Фанес уклончиво улыбнулся и спросил:
– Позволишь ли ты мне задать тебе и твоим царедворцам несколько вопросов?
– Говори и спрашивай, как и что хочешь!
В эту минуту в залу вошел главный ловчий и возвестил, что все готово для охоты.
– Подождать! – приказал царь своим сотрапезникам, выбившимся из сил в своем усердии, с которым они старались ускорить все приготовления. – Я не знаю даже, будем ли мы охотиться сегодня. Где сотник биченосцев, Бишен?
Датис, так называемый глаз царя, то есть в переводе на современный язык министр полиции, быстро вышел из комнаты и явился с требуемым лицом через несколько минут, которые Фанес употребил на то, чтобы расспросить присутствовавших вельмож о разных важных для него подробностях.

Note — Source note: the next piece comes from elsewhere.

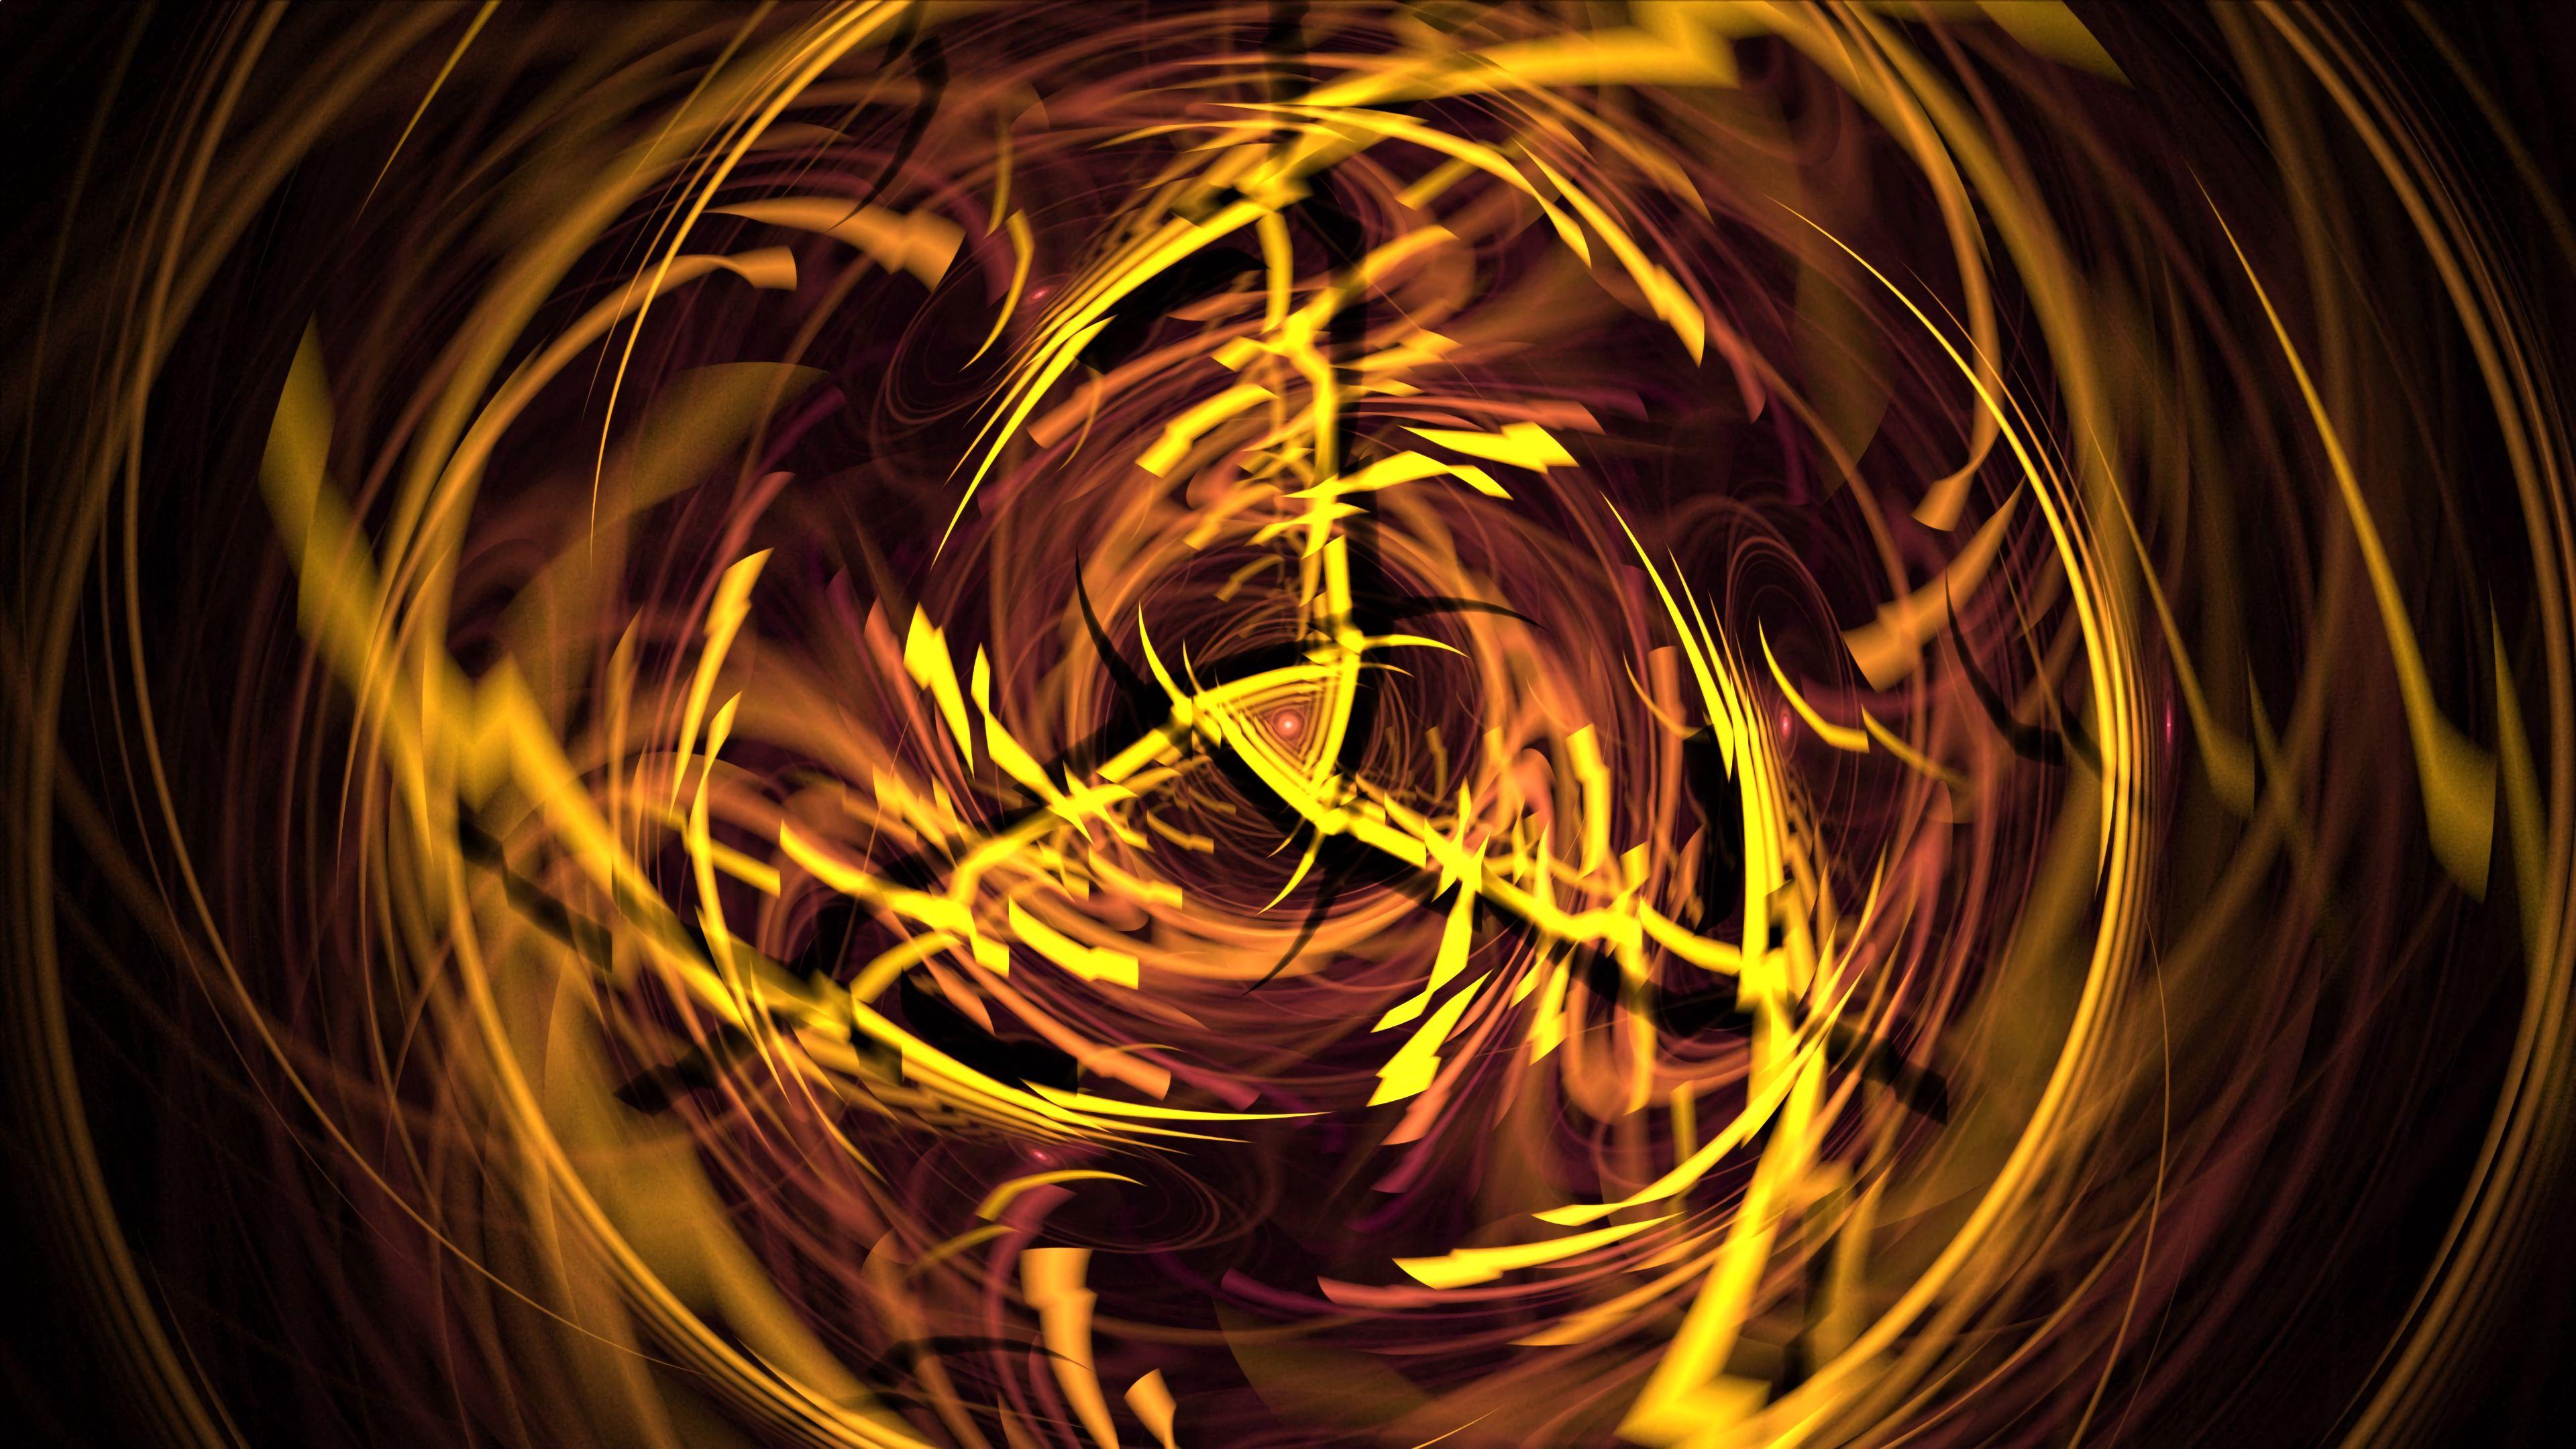 104545 Hintergrundbild herunterladen Abstrakt, Linien, Verzerrung, Kreuzung, Panne, Glitch, Schnittpunkt - Bildschirmschoner und Bilder kostenlos

– Что делают узники? – спросил Камбис лежавшего у его ног сотника биченосцев.
– Победа царю! Они ждут смерти спокойно, так как сладко умереть по твоей воле.
– Слыхал ли ты их разговоры?
– Да, мой повелитель.
– Признаются ли они друг другу в своей виновности?
– Один Митра умеет заглядывать в сердце, но ты, мой государь, так же как я, твой жалчайший раб, поверил бы в невинность этих осужденных, если бы слышал их разговоры.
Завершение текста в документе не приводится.